Understanding consumer perceptions and being totally open about production methods have been central to the growth and profit of Kelly Turkeys, managing director Paul Kelly told the NFU conference.
Too often agriculture was on the defensive, he said, giving consumers the impression farmers had something to hide.
At Kelly Turkeys, the emphasis was on being as open as possible, inviting journalists to write about turkey production, going out to shows to talk to the public, linking up with celebrities to raise the profile and inviting the public on to the farm.
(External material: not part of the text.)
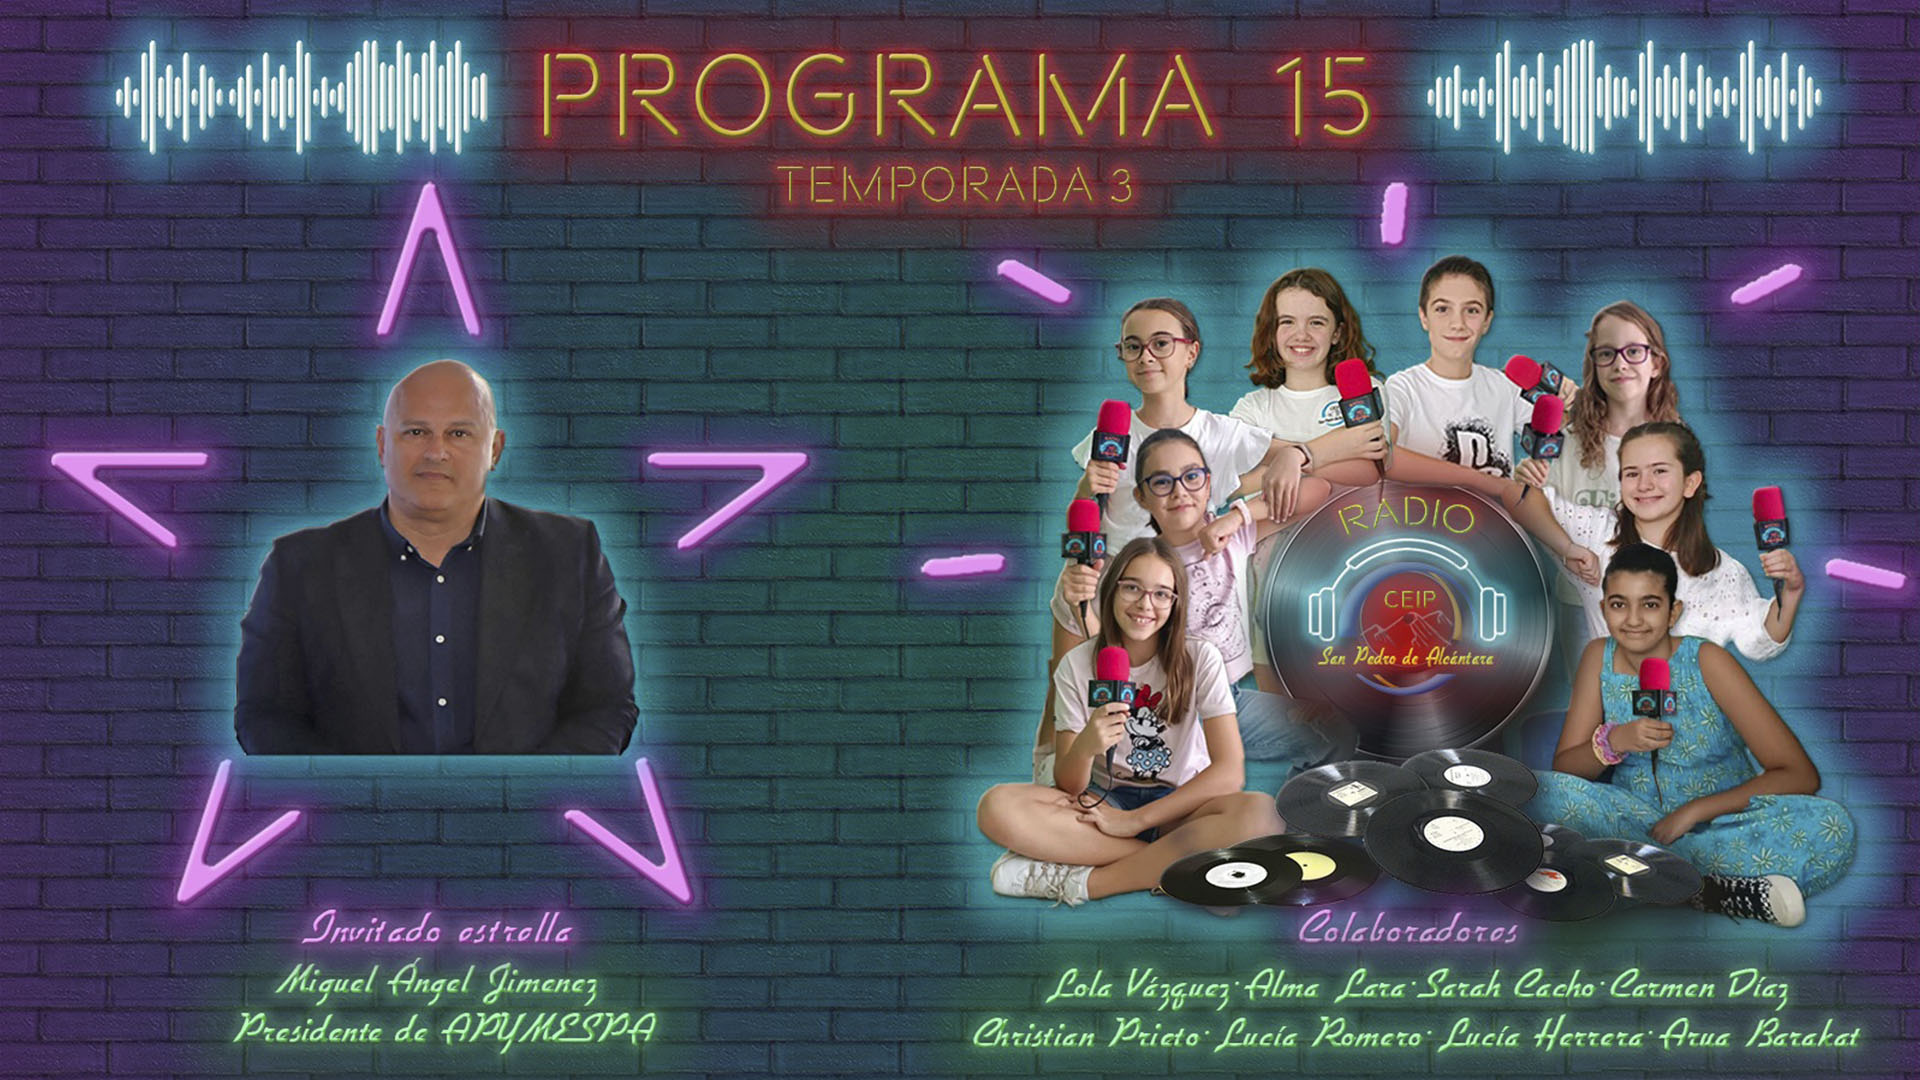 Radio CEIP San Pedro: Miguel Ángel Jiménez - T03-P15

“It’s always a privilege to talk about our business and our products – never a chore,” said Mr Kelly. He rejected the suggestion that consumers were always naïve about where their food came from and should not be reminded that animals had to be slaughtered.
His business sold some 1900 turkeys direct to consumers from its farm shop near Chelmsford, Essex, in the two days before Christmas compared with 250 for the average butcher, he said.
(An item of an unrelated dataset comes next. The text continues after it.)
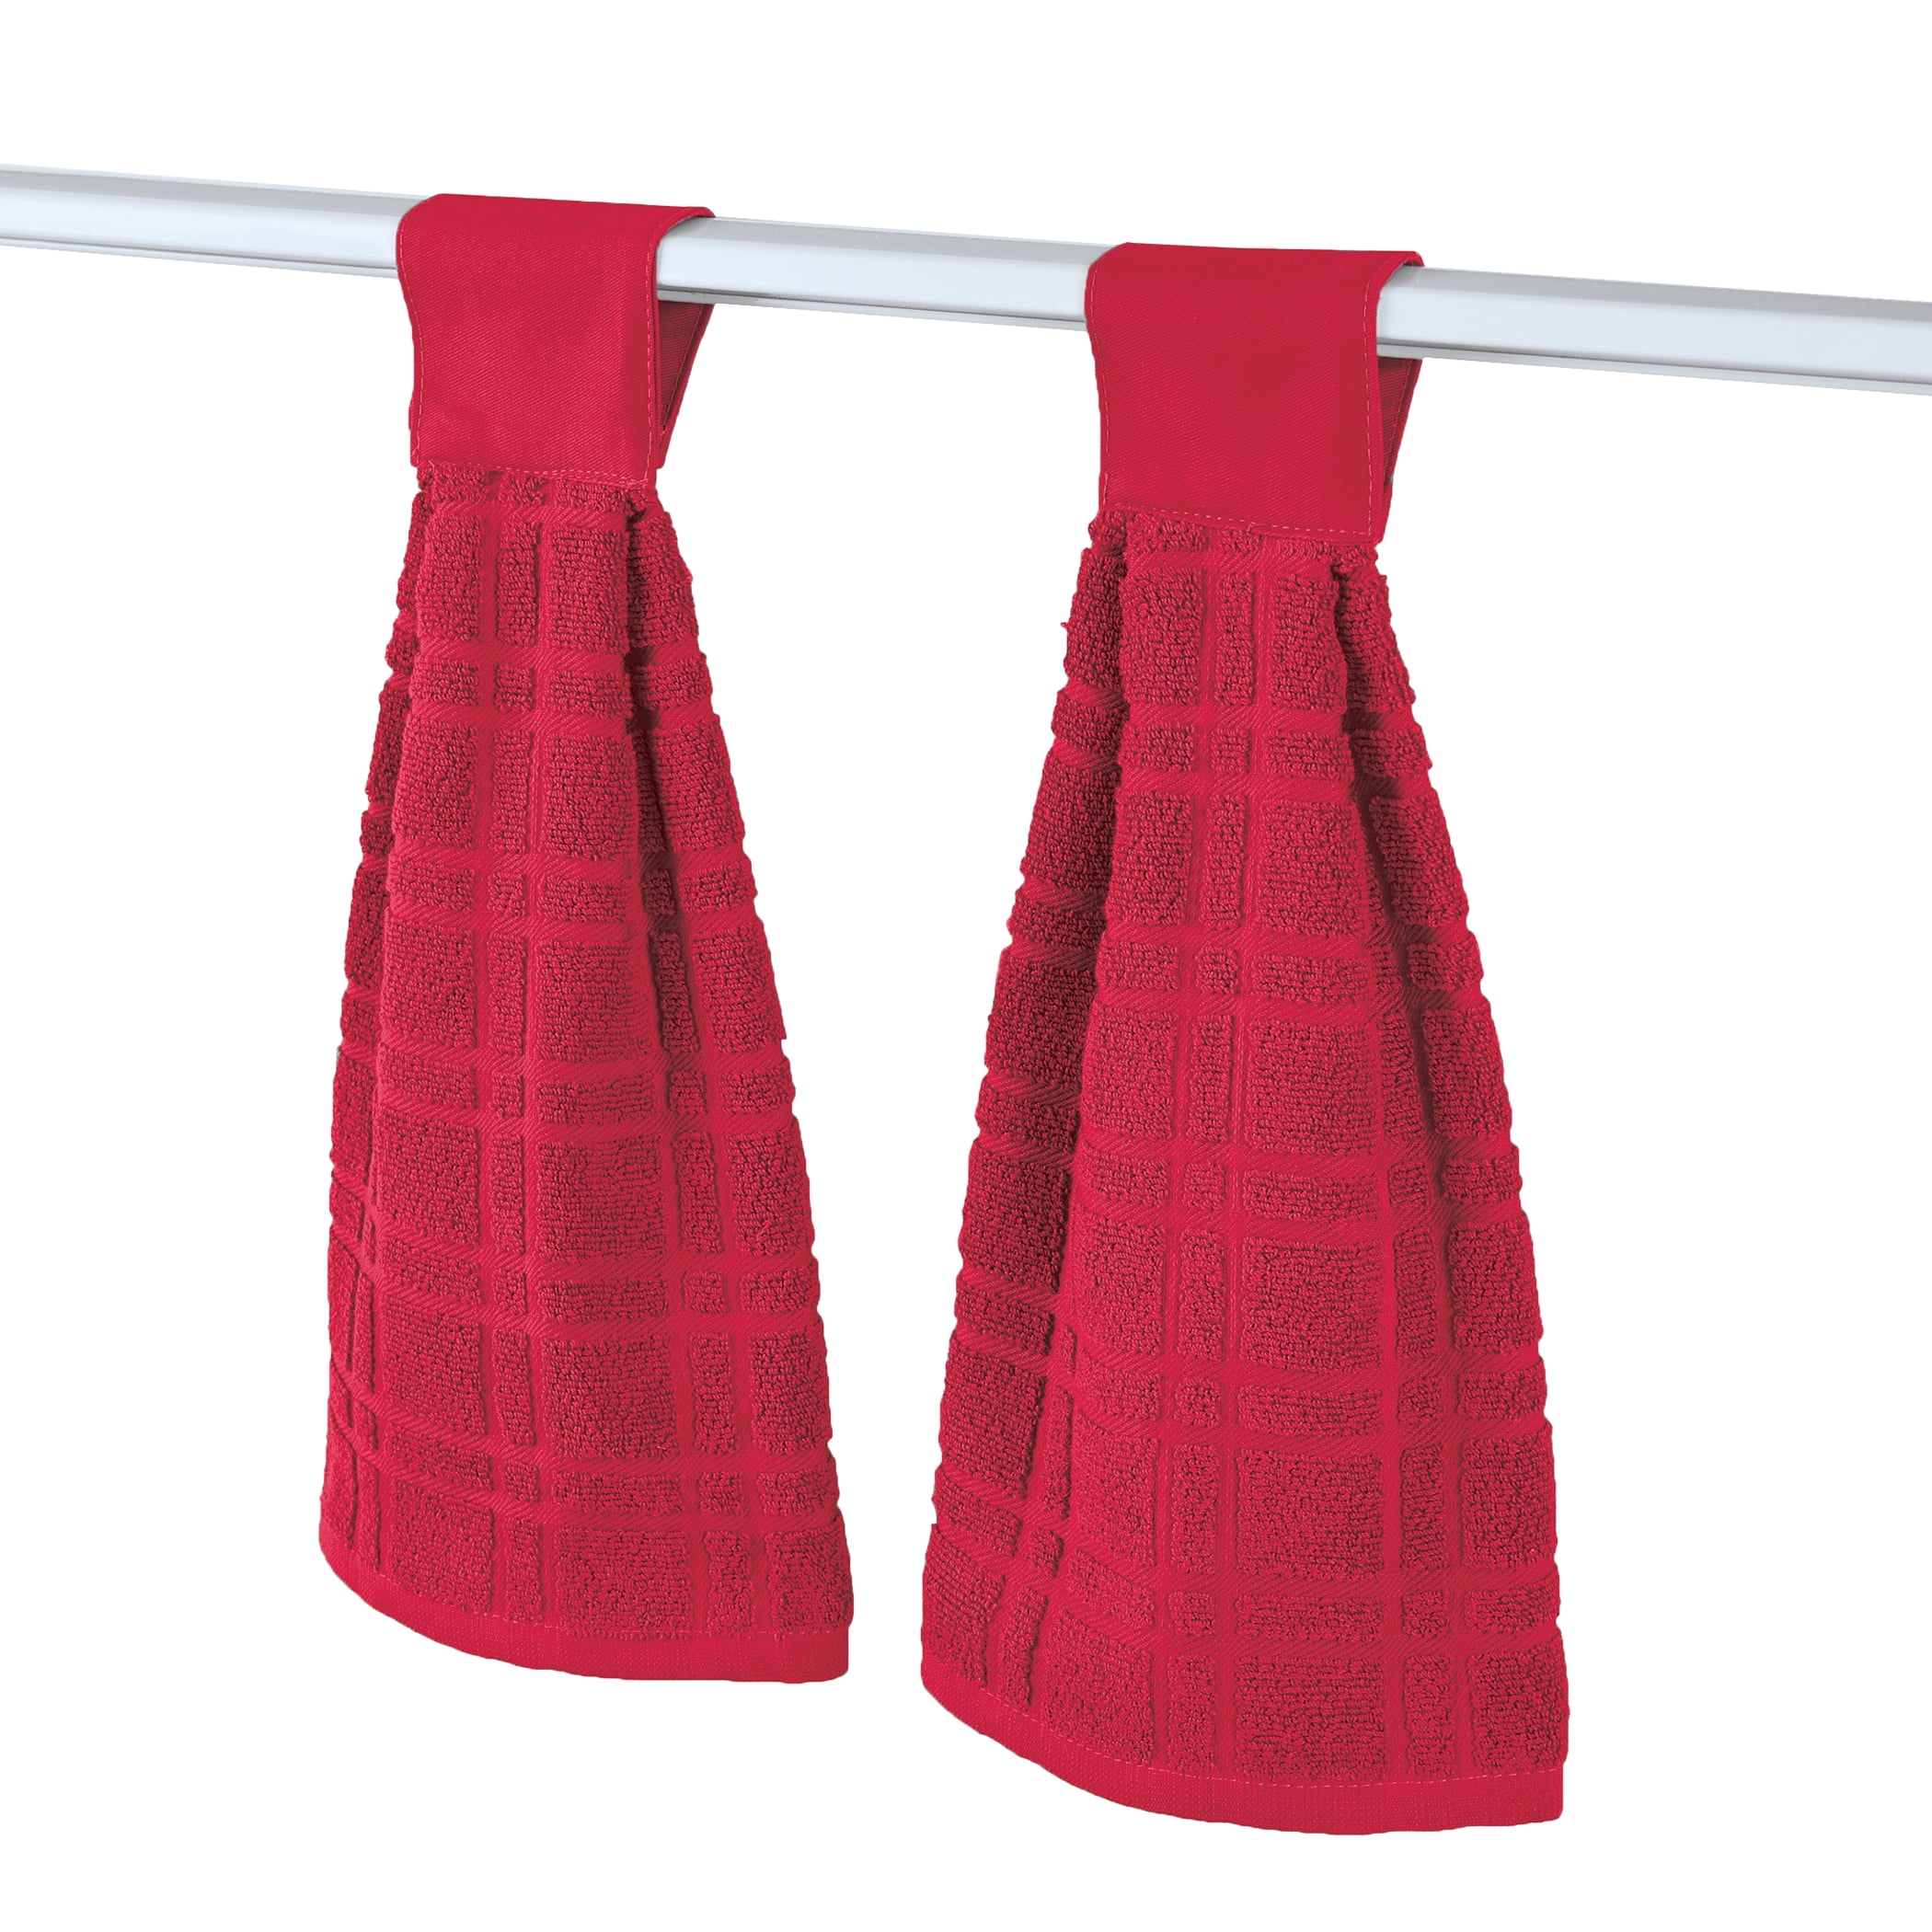 Golden Rabbit Cotton Swirl Kitchen Towels Set of 2 - Red

KellyBronze turkeys, which were always sold boxed with a meat thermometer and a cookery booklet, fetched a premium price of £10.50/kg, compared with just £2/kg for bottom of the range frozen turkeys.
Another example of marketing initiative was Kelly’s ginseng turkey – birds fed with renowned aphrodisiac ginseng and sold under the catch line “Buy a Kelly bronze and bonk your way through Boxing Day”.
Mr Kelly said his aim was to build his business to create 100 Kelly Turkeys farms around the country, taking on selected producers in targeted areas.